> [DATASET SECTION]:
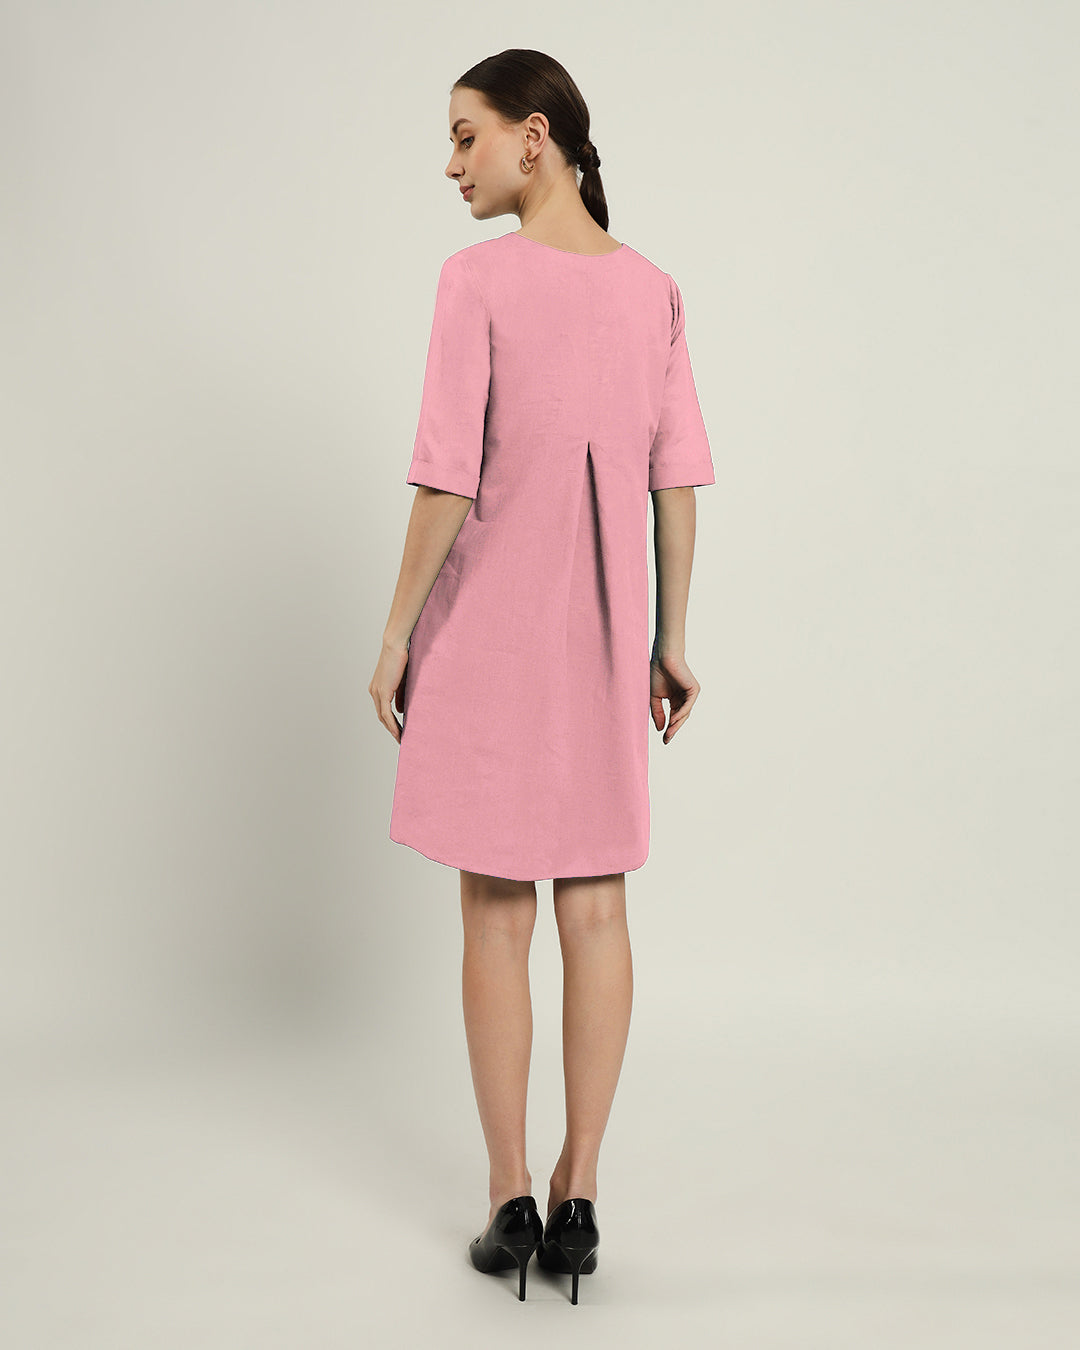 The Giza Fondant Pink Cotton Dress
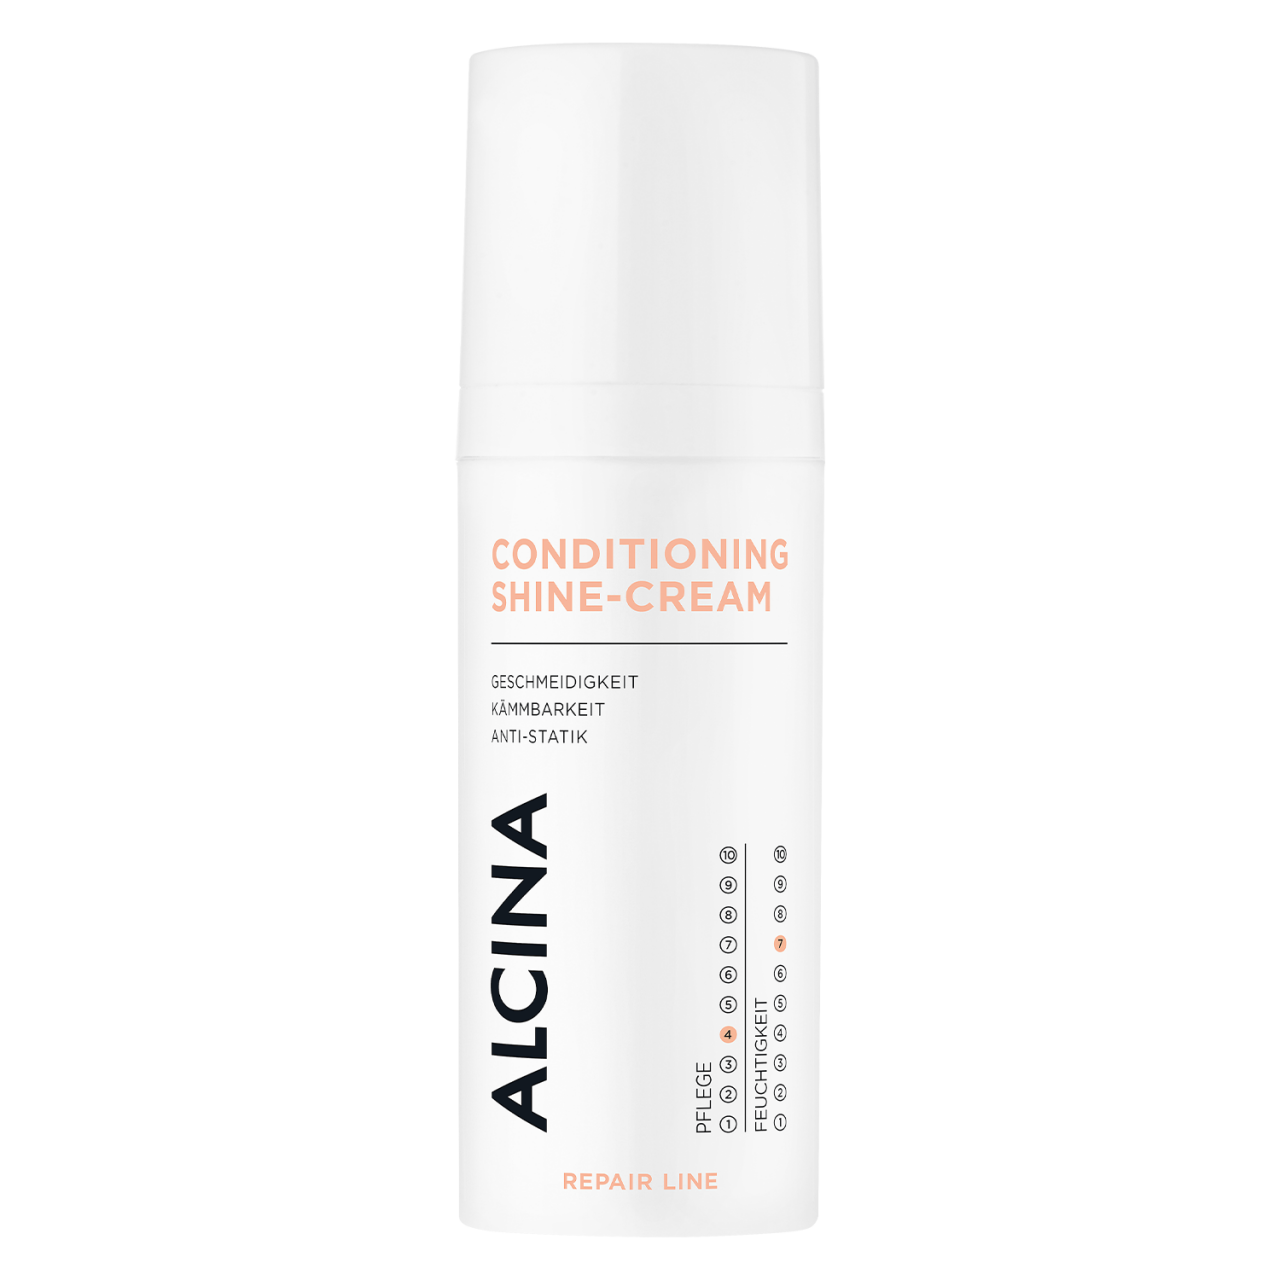 Repair Line - Conditioning Shine-Cream von Alcina
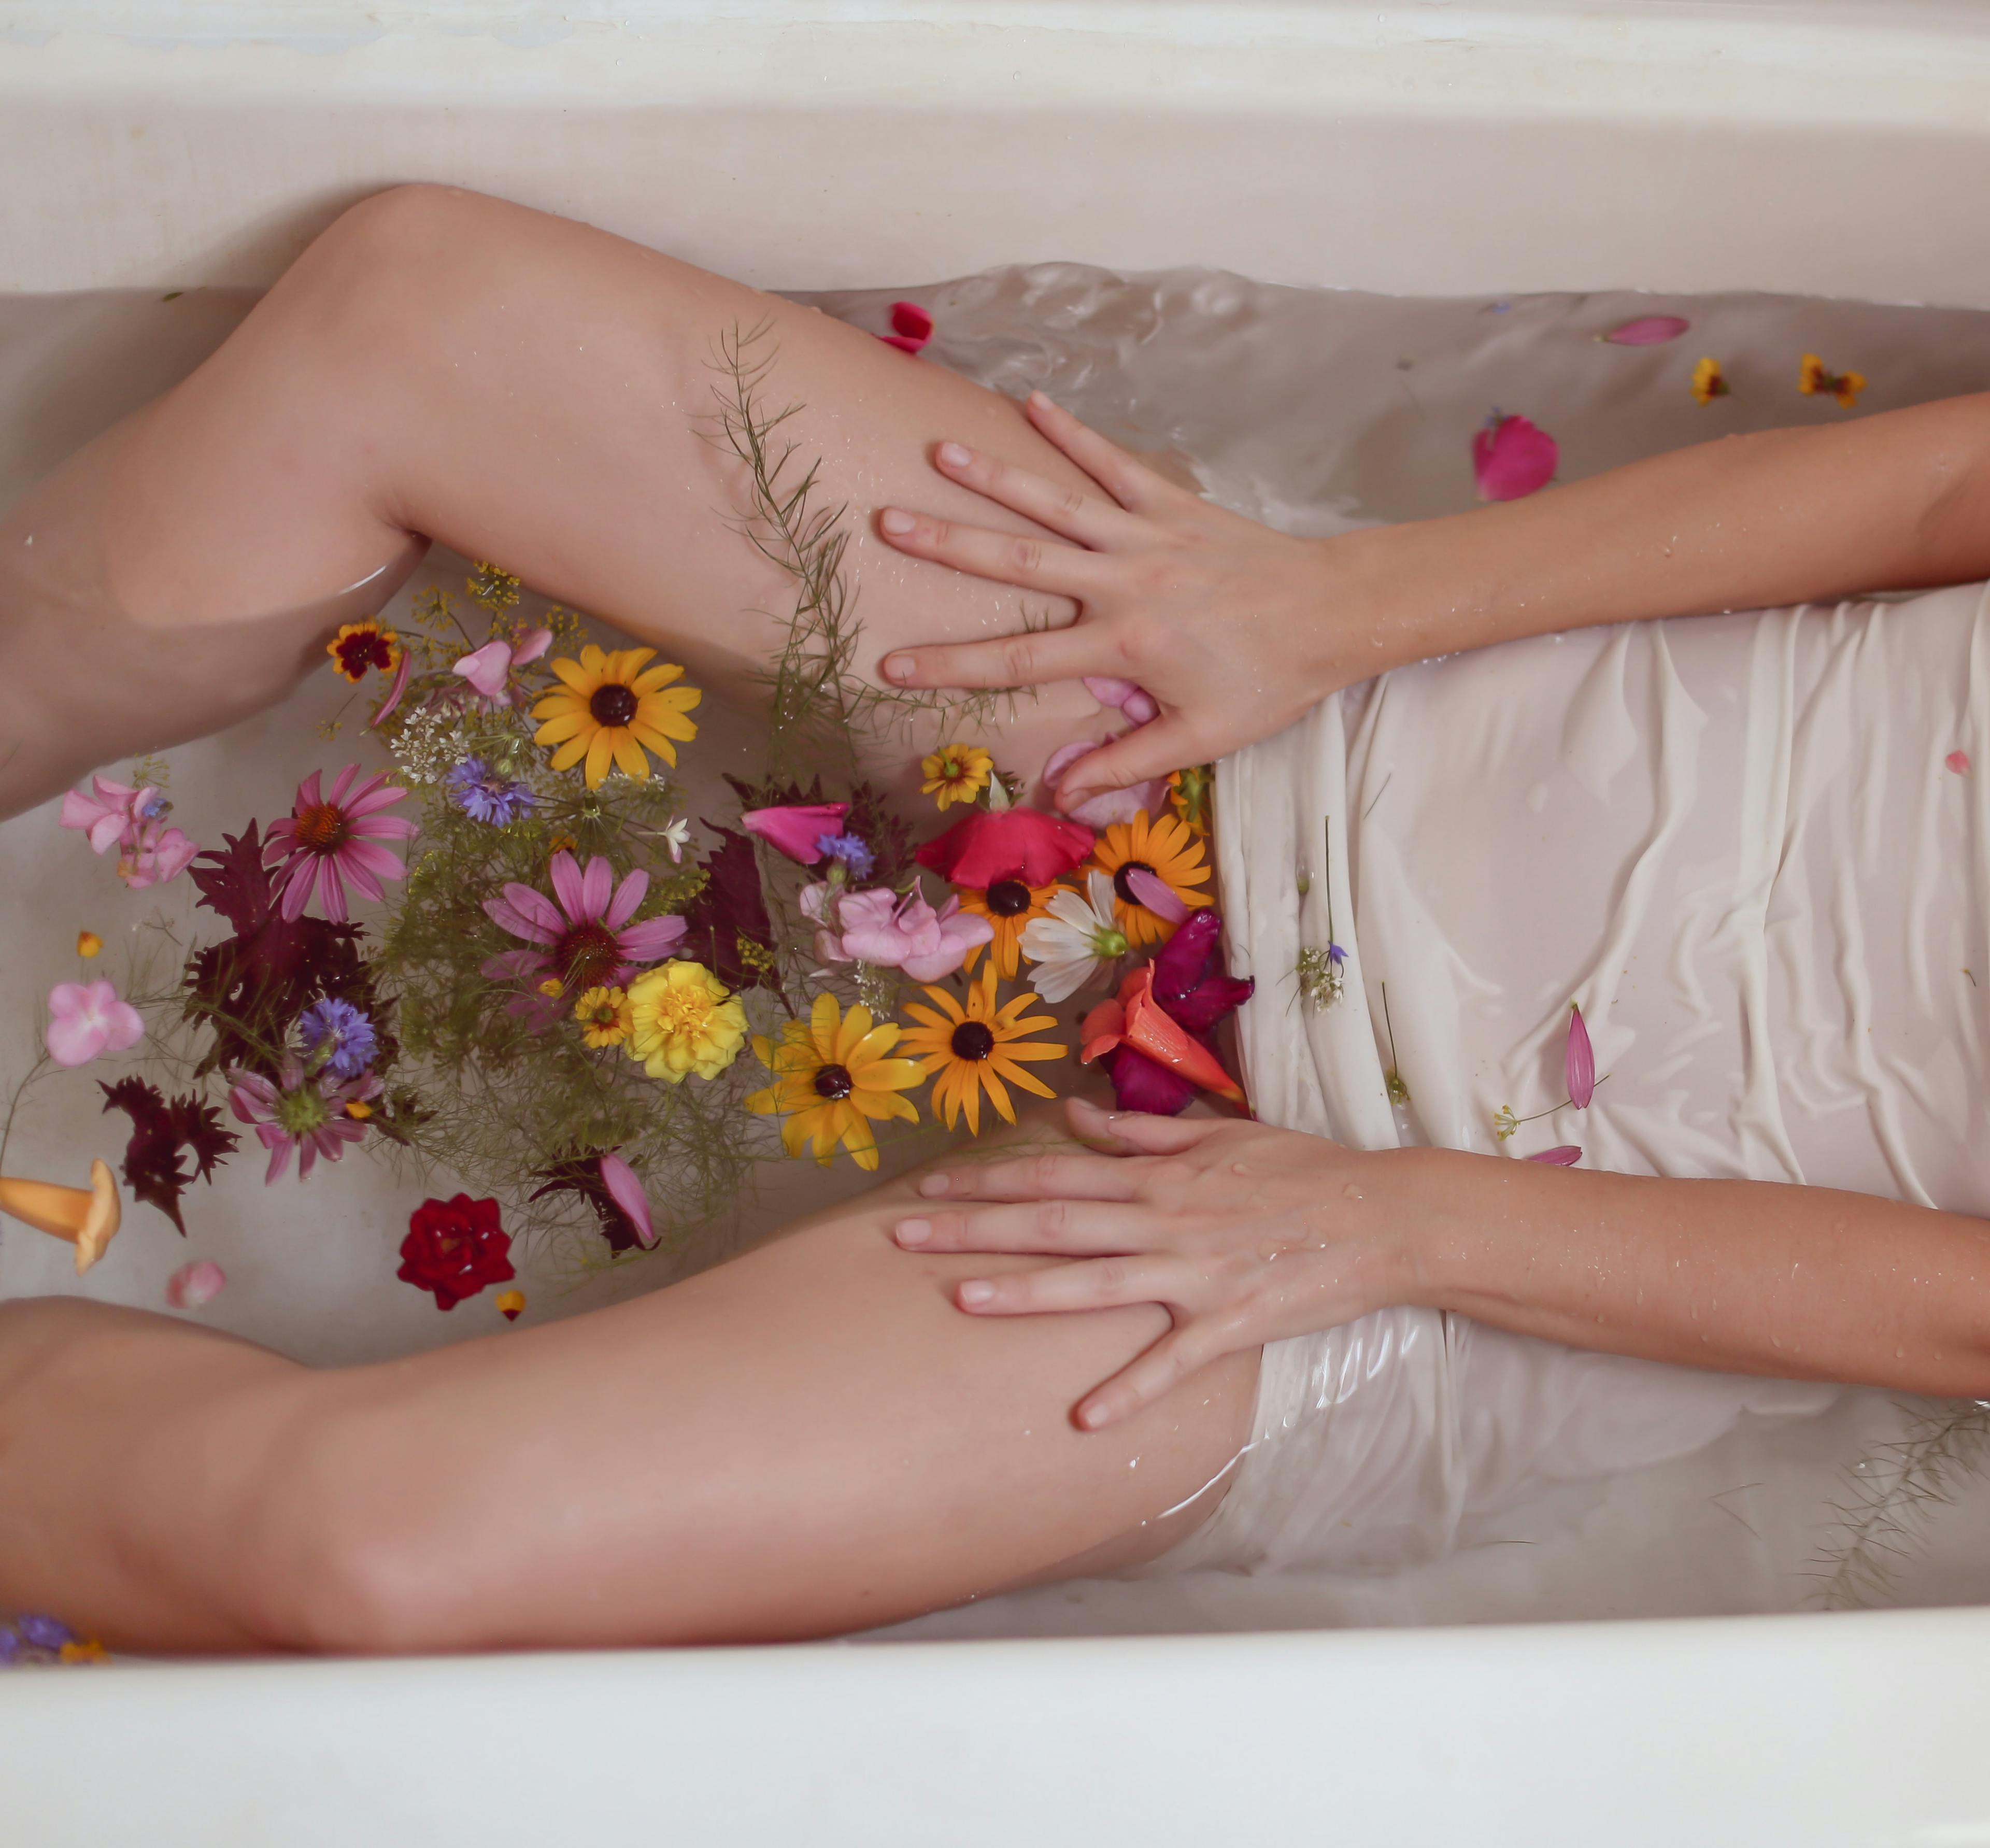 Vrouw in bad met diverse bloemen
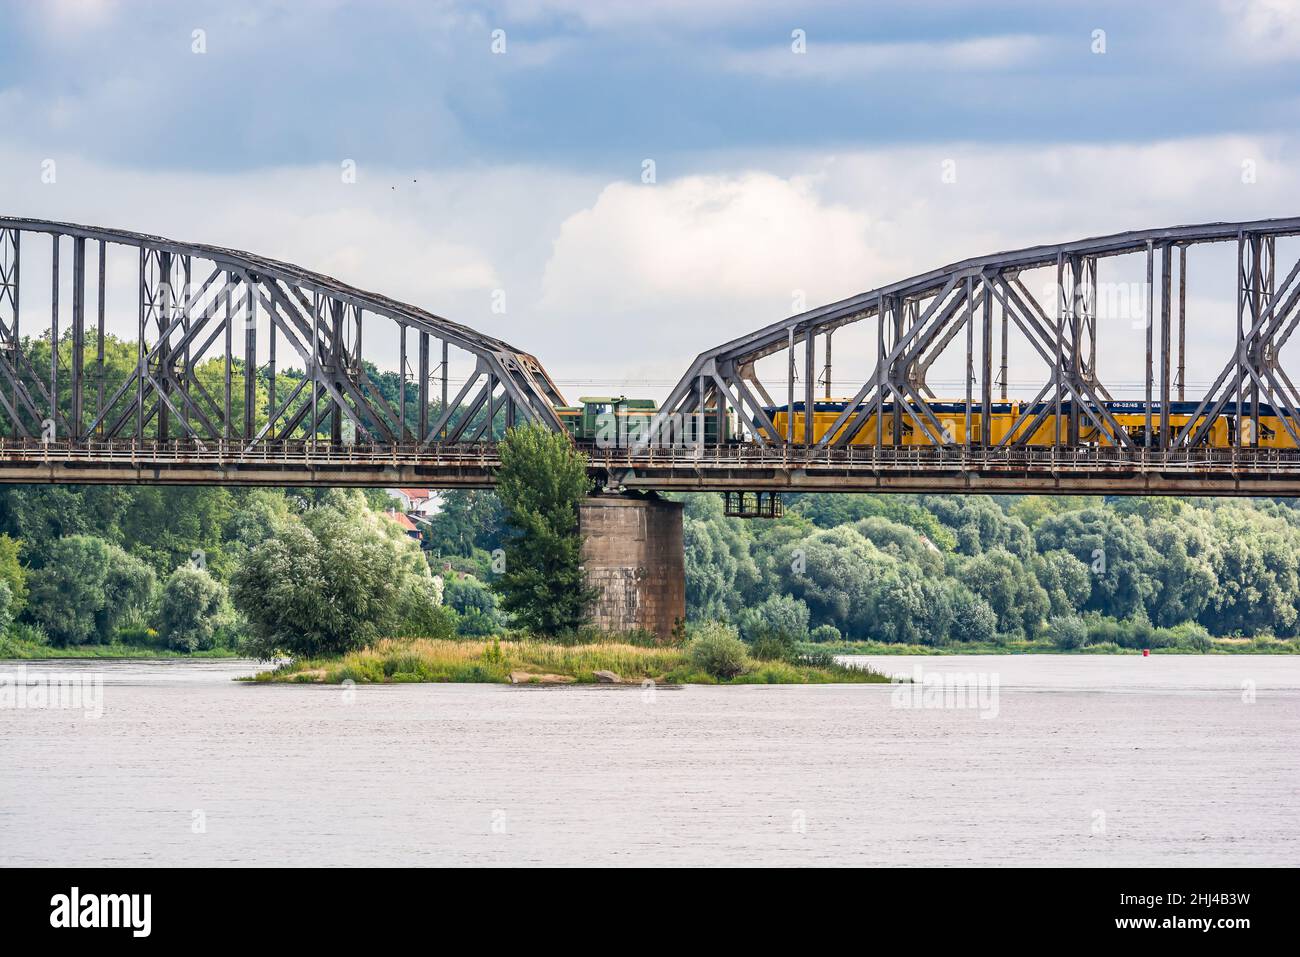 Torun, Poland - August 11, 2021. Ernest Malinowski Railway Bridge - Most kolejowy im. Ernesta Malinowskiego - in Summer Stock Photo

> [WHAT THE TASK REQUIRES]: Once the pictures are set aside, output the whole listing exactly.

> [RESULT OF THIS TASK]:
 The Giza Fondant Pink Cotton Dress
 Repair Line - Conditioning Shine-Cream von Alcina
 Vrouw in bad met diverse bloemen
 Torun, Poland - August 11, 2021. Ernest Malinowski Railway Bridge - Most kolejowy im. Ernesta Malinowskiego - in Summer Stock Photo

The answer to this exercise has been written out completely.